As I lingered to pull out a few weeds, I heard a motif—just a few bars—on an organ. Church had finished—the cars were gone from the street when I returned from the cafe—but someone was still there and had played a familiar phrase. I hummed it and memory completed the rest of the melody. It was a chorale by Bach. I had the piece in my CD collection. I went inside, put the CD in my player and selected the track. It was Sheep May Safely Graze.

I turned the volume up because the piece started so quietly, the gentle pulsing rhythm conveying confidence. I sat in a chair beside the player and tapped the air with my fingers to keep the introduction’s steady, dignified time. I closed my eyes to concentrate on the flute and oboe’s ethereal harmonies. Then the choir began. The air in the room was suddenly dense with powerful voices. Even though it was in German—which I barely understood—no translation was required to know that Bach was celebrating his hope. Credible then but incredible now, the Baroque certainties were still piercingly eloquent.
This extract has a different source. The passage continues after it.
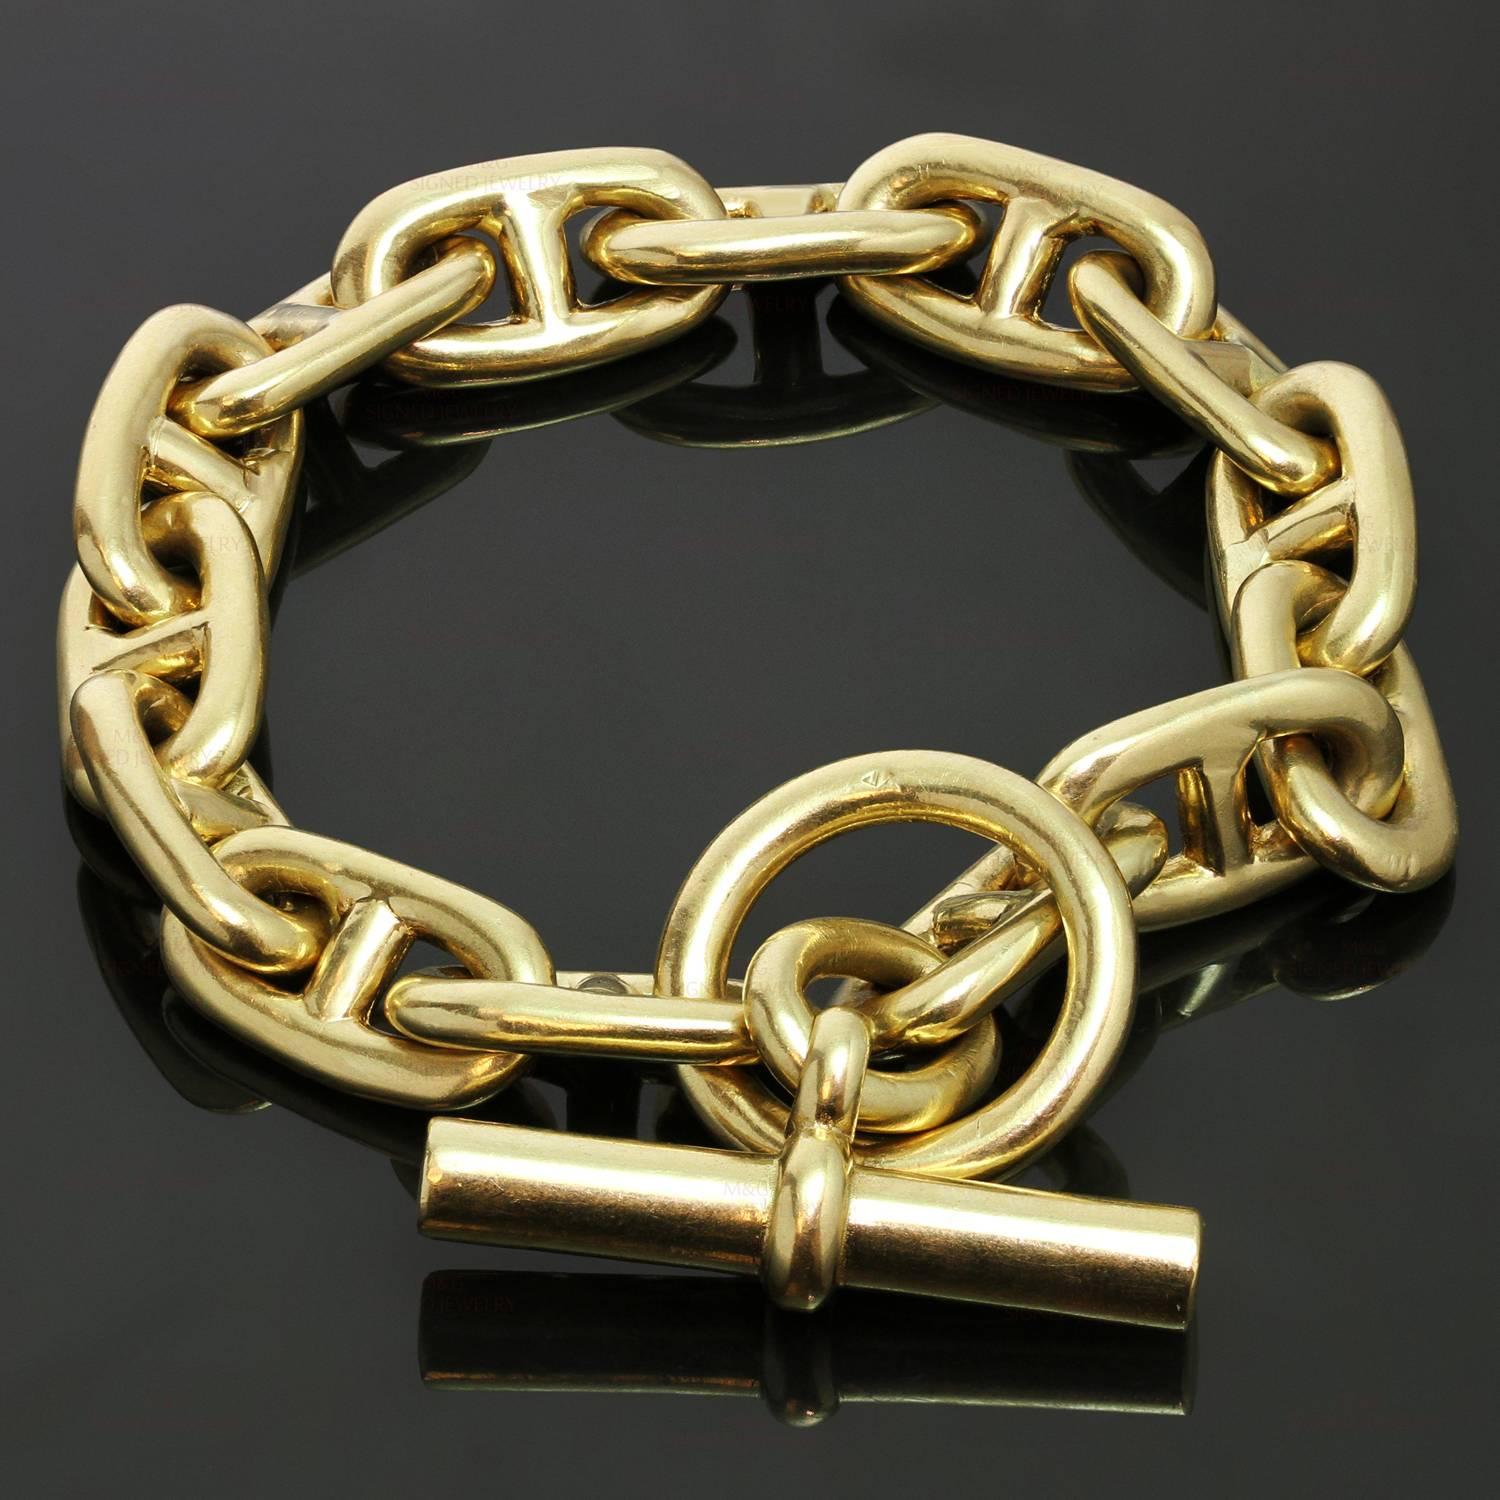 This vintage Hermes bracelet from the iconic Chaîne d'Ancre collection is crafted in 18k yellow gold and signed Hermes Paris. Made in France circa 1980s. Measurements: 0.43

The music was better than I was: its joys were large, their security assured. It wasn’t the sound of humanity settling for the bare minimum from life. When it finished, I played the piece once more.

Afterwards, I went outside to pick the snow peas and as I picked them, I thought, Epicurus, I love you because I agree with you, but I hate you because small joys are meagre comfort. And there are times when they’re no comfort at all.